# BART foul-up traced to botched computer upgrade



## CHamilton (Nov 22, 2013)

BART foul-up traced to botched computer upgrade



> BART engineers are trying to determine why a regular, nothing-special system update managed to crash the transit district's computers on Friday, slowing late-night train traffic to a crawl and shutting down morning commuter service for hours.
> "This was a normal update to the system that we do all the time," said BART spokeswoman Alicia Trost. "We didn't even realize there was a problem until around midnight, when the central computer shut down."
> The loss of computer systems forced the trains to run largely under manual control, causing delays of more than 90 minutes for late-night riders. BART stations didn't reopen until after 7 a.m. for the morning commute, forcing riders into cars and buses and jamming Bay Area roadways.


"To err is human, but to really foul things up you need a computer."

Paul R. Ehrlich


----------



## Andrew (Nov 22, 2013)

Could this have been a hack?


----------



## Fan Railer (Nov 23, 2013)

Andrew said:


> Could this have been a hack?


Could have been Santa Claus on his PMS for all we know at the moment..... =_=


----------



## leemell (Nov 23, 2013)

CHamilton said:


> BART foul-up traced to botched computer upgrade
> 
> 
> 
> ...


I had a sticker of this quote on my attache case in the late sixties when I was a full time programmer.


----------



## fredevad (Nov 23, 2013)

leemell said:


> I had a sticker of this quote on my attache case in the late sixties when I was a full time programmer.


Ah yes, back when real bugs fouled them up!

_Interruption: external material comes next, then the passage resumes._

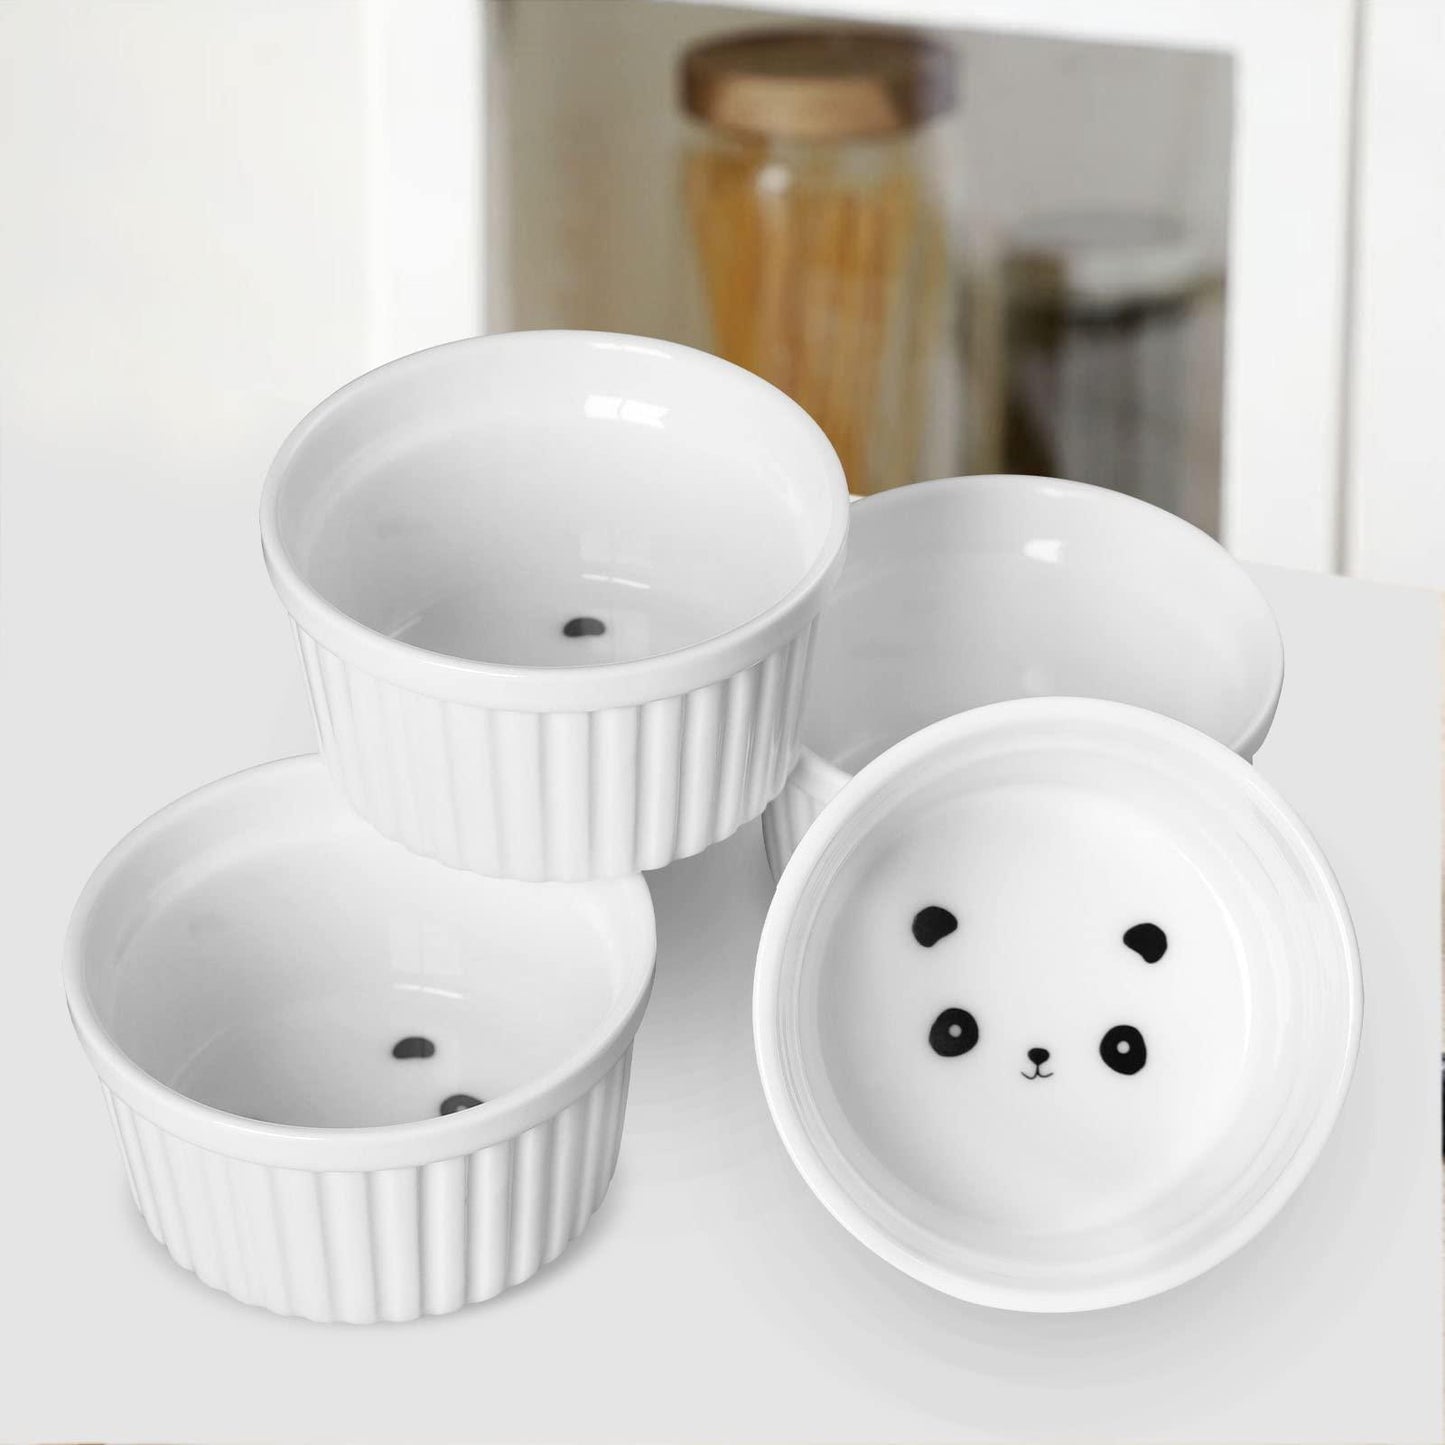 Cinf Panda 4 oz Set of 4 Ramekins Pudding Baking Cup Souffle Cups Dishes Bowl - CookCave

Anyway, re: "jamming Bay area roadways" (and this is easy for me to say since I wasn't in it), it's nice to be reminded of the benefits of commuter rail.


----------



## leemell (Nov 23, 2013)

That was a little earlier, September 9, 1945. Moth caught in a relay on the Harvard Mark II computer by Adm.(when she retired) Grace Hopper, then a Mathematical Officer, USN.


----------



## me_little_me (Nov 23, 2013)

leemell said:


> That was a little earlier, September 9, 1945. Moth caught in a relay on the Harvard Mark II computer by Adm.(when she retired) Grace Hopper, then a Mathematical Officer, USN.


The incident about the bug occurred in 1947, not 1945 and but the term had been used before. She merely popularized it.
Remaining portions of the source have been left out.